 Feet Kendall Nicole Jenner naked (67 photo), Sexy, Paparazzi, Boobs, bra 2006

---

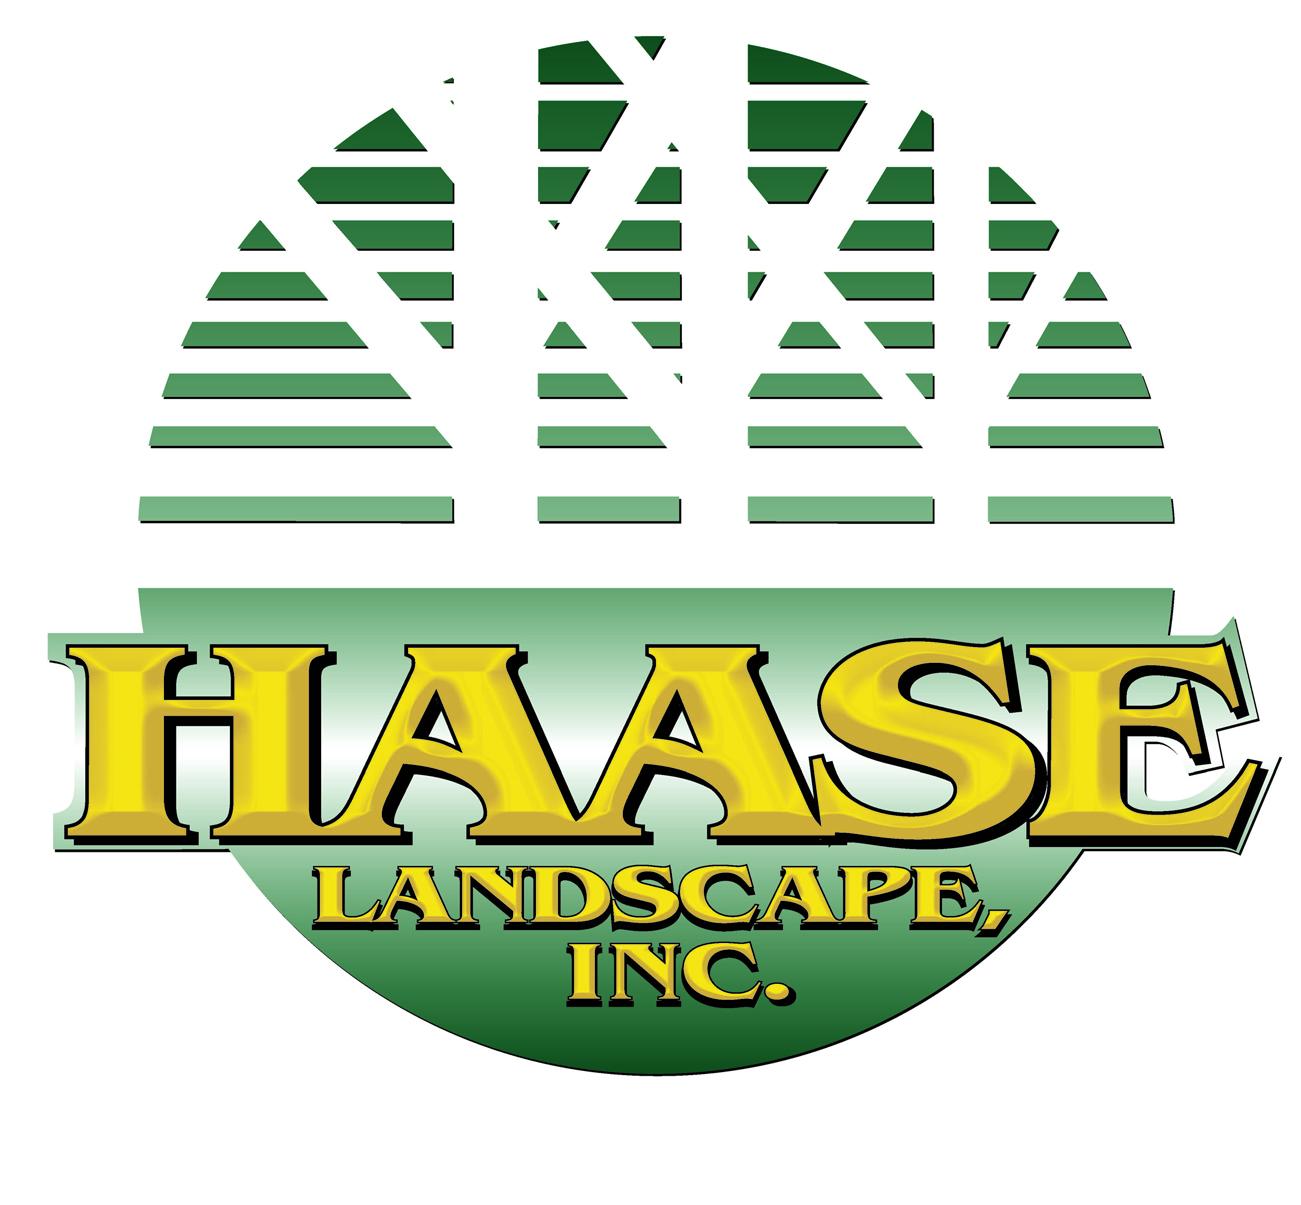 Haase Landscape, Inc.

--

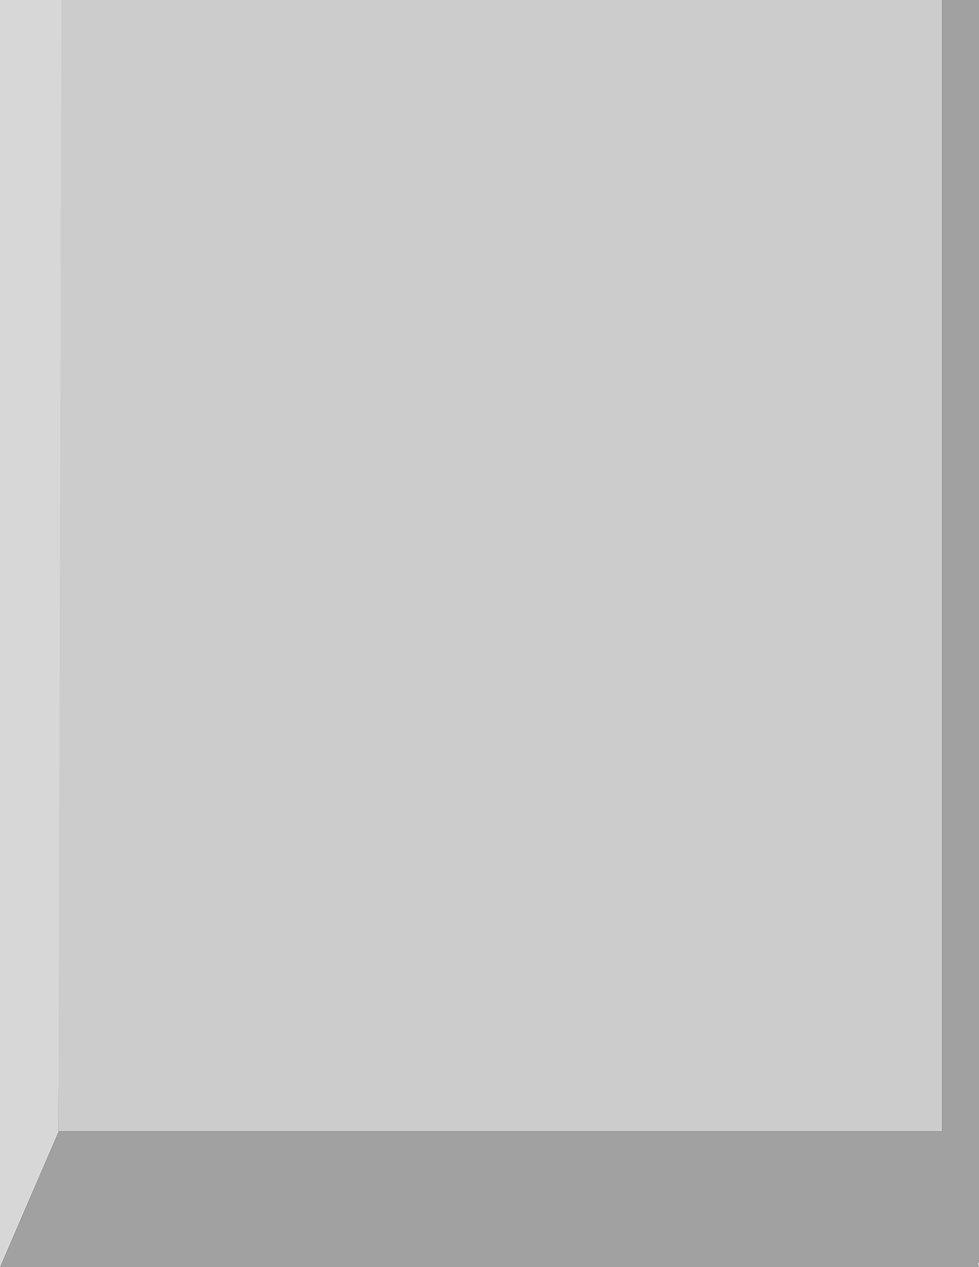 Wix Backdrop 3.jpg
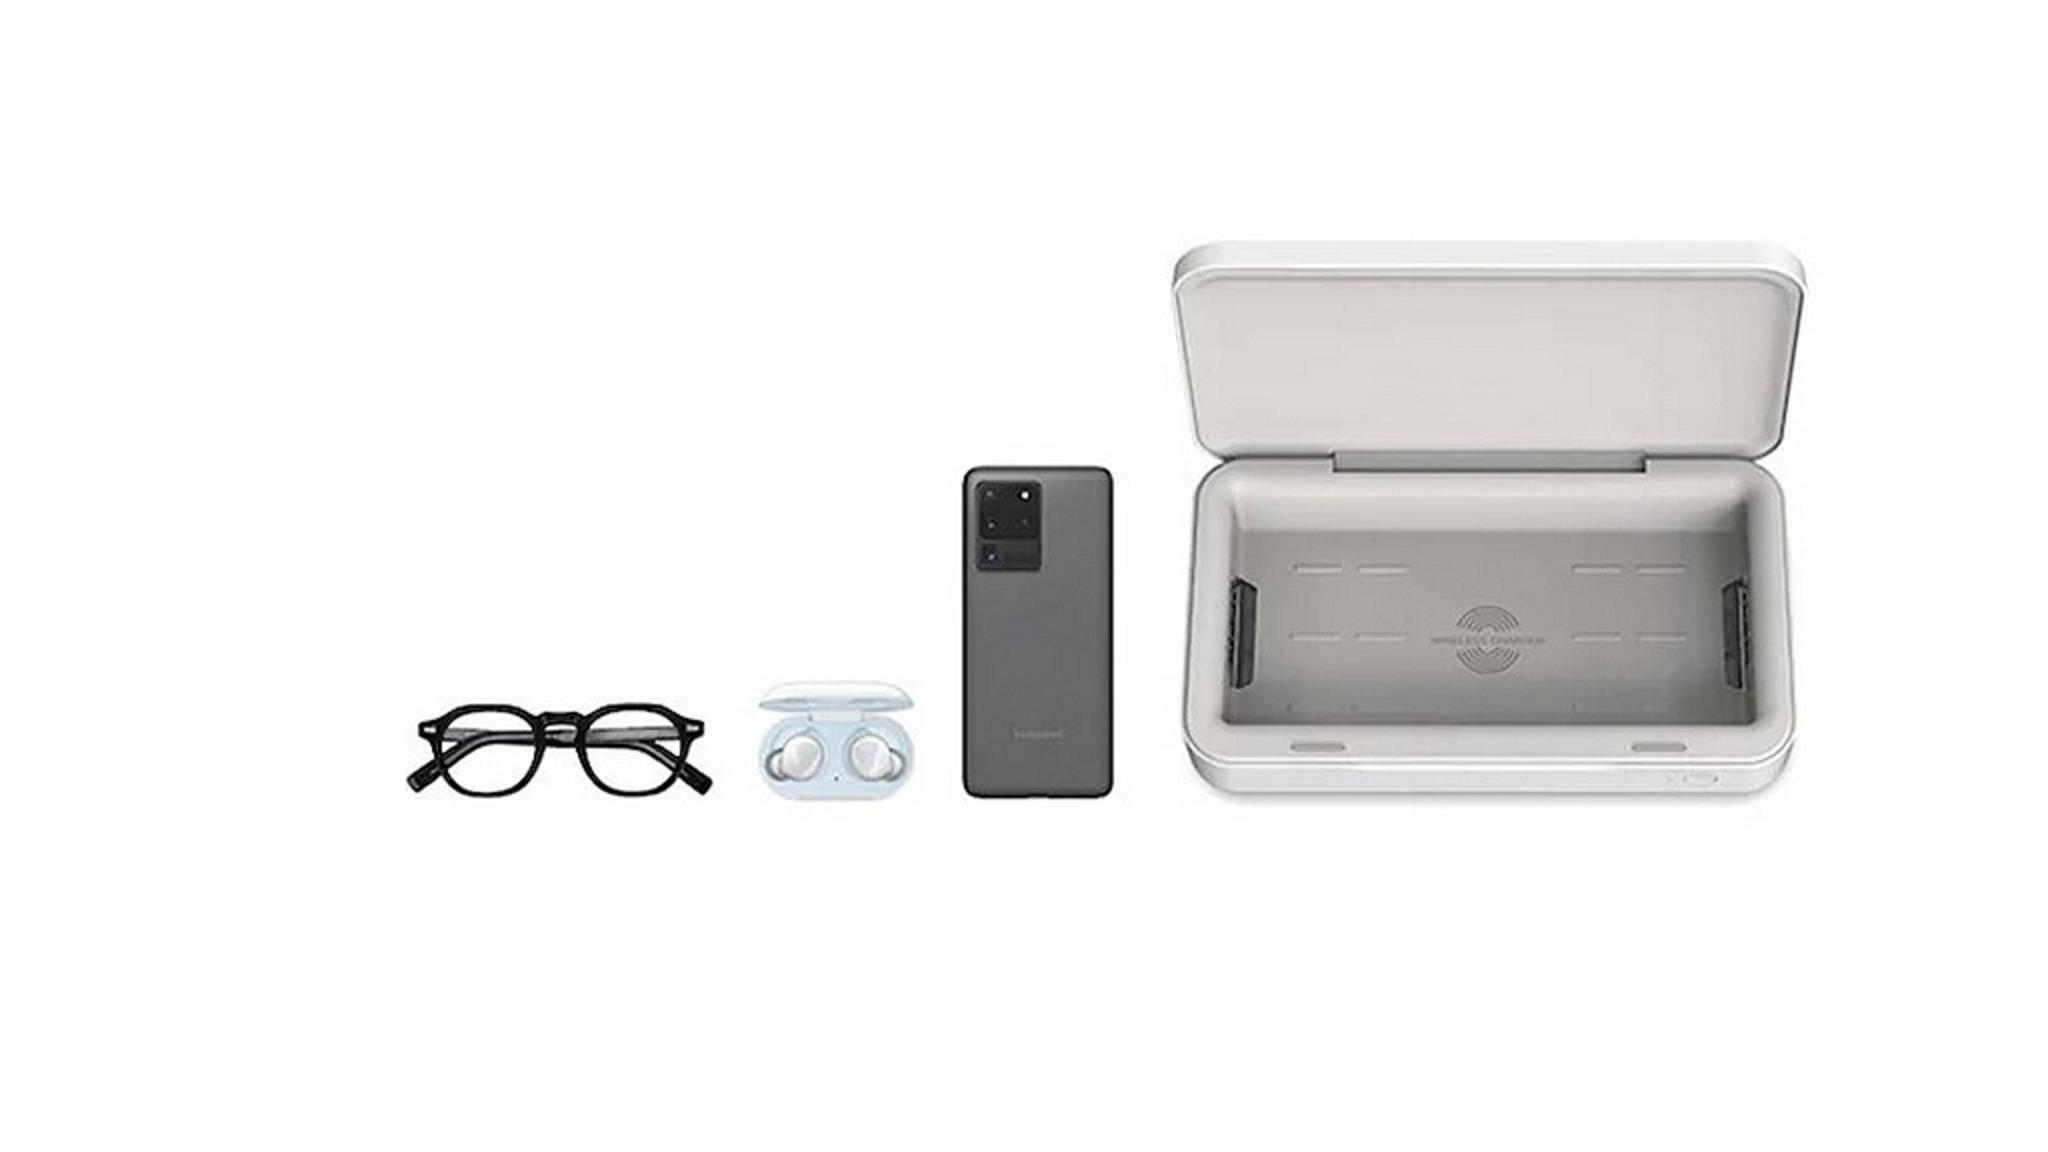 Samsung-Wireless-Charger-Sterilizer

ASSIGNMENT >> Beginning with the line that contains "Wix Backdrop 3.jpg", write out the lines of the material above exactly, and end with the line that contains "Samsung-Wireless-Charger-Sterilizer". Omit the pictures.

ANSWER TO THIS PROBLEM >>
 Wix Backdrop 3.jpg
 Samsung-Wireless-Charger-Sterilizer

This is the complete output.